Black Clouds on Green Horizon
Rival emissions policies and an infant carbon market further complicate financial instability
History will judge harshly if a company hedges against the environment. Business and political leaders may not agree on the cause of climate change, but they grasp that rising greenhouse gas emissions are not healthy for the planet.
Reducing emissions through government policy and corporate action – as well as personal deeds – has become a cost of daily life for all. Chief executive officers must do much more. Federal and provincial climate change legislation allows companies to stake environmental claims on future practices by cleaning up the present.
In the spring of 2007, the Alberta government scored a Canadian environmental first. It established a climate change strategy that ordered companies with annual emissions exceeding 100,000 tonnes to reduce intensity – the amount of greenhouse gas vented into the atmosphere per unit of production – by 12 per cent. Companies could make physical improvements to their operations, buy Alberta-based credits or pay into the Climate Change and Emissions Management Fund at $15 per tonne of carbon emissions. The province has also committed $2 billion in non-refundable subsidies to companies with viable projects to sequester carbon.
Before the fall federal election, the Harper government followed suit with a different strategy scheduled to go into effect in 2010, but one that is still based on reducing carbon emission intensity by 2012. Emitters can contribute to a technology fund, starting at $15 per tonne in 2010, rising to $20 in 2013 and then increasing with growth in gross domestic product.
The strategy irritated advocates of aggressive environmental regulation by focusing on intensity-based regulations without an absolute cap on emissions. But the effect is still real. Greenhouse gas exhaust per unit of output must drop, either physically or by spending money to buy credits earned by others for reductions.
Enter a budding new market. Companies can purchase emissions reduction credits or create them through offset projects. The credits can be banked and sold. A global market is emerging, but Alberta to date only accepts credits created inside its borders.
There is still a massive challenge. A Canadian market for trading carbon dioxide emissions is in its infancy even though global carbon-credit trade topped US$64 billion in 2007, doubling what it was in 2006. The Montreal Climate Exchange made a debut this year on May 30 as a child of the Montreal Exchange and the Chicago Climate Exchange. The joint venture trades futures contracts on units of Canadian carbon dioxide equivalents. In the U.S. the New York Mercantile Exchange (NYMEX) introduced environmental commodities trading for late August. These “green” exchanges join carbon traders European Climate Exchange, Nord Pool and Powernext Carbon.

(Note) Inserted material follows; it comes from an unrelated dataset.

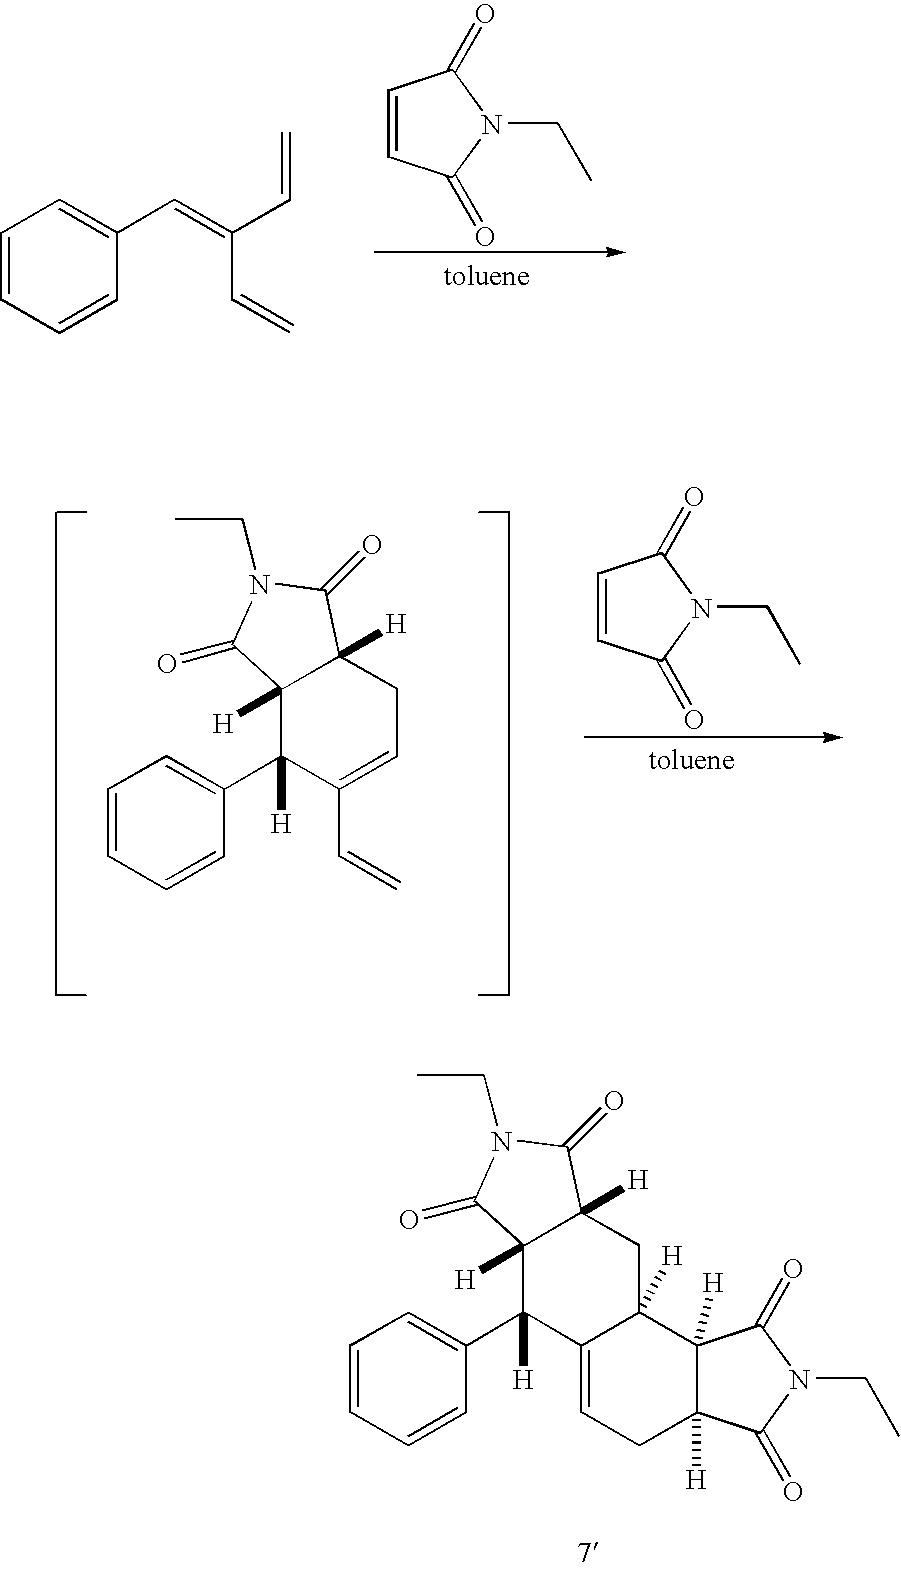 Figure US20040214232A1-20041028-C00078

The whole system “is still evolving in Canada,” notes Michael Tims, chairman of Peters & Co. Ltd. To have a cap-and-trade system, or some other green market, requires environmental policies to be more firmly established than they are so far in Canada. “Once that happens and we see, for example, what the penalties will be for emissions and what the rules for calculations are, we’re much better off in trying to assess how those markets will evolve.”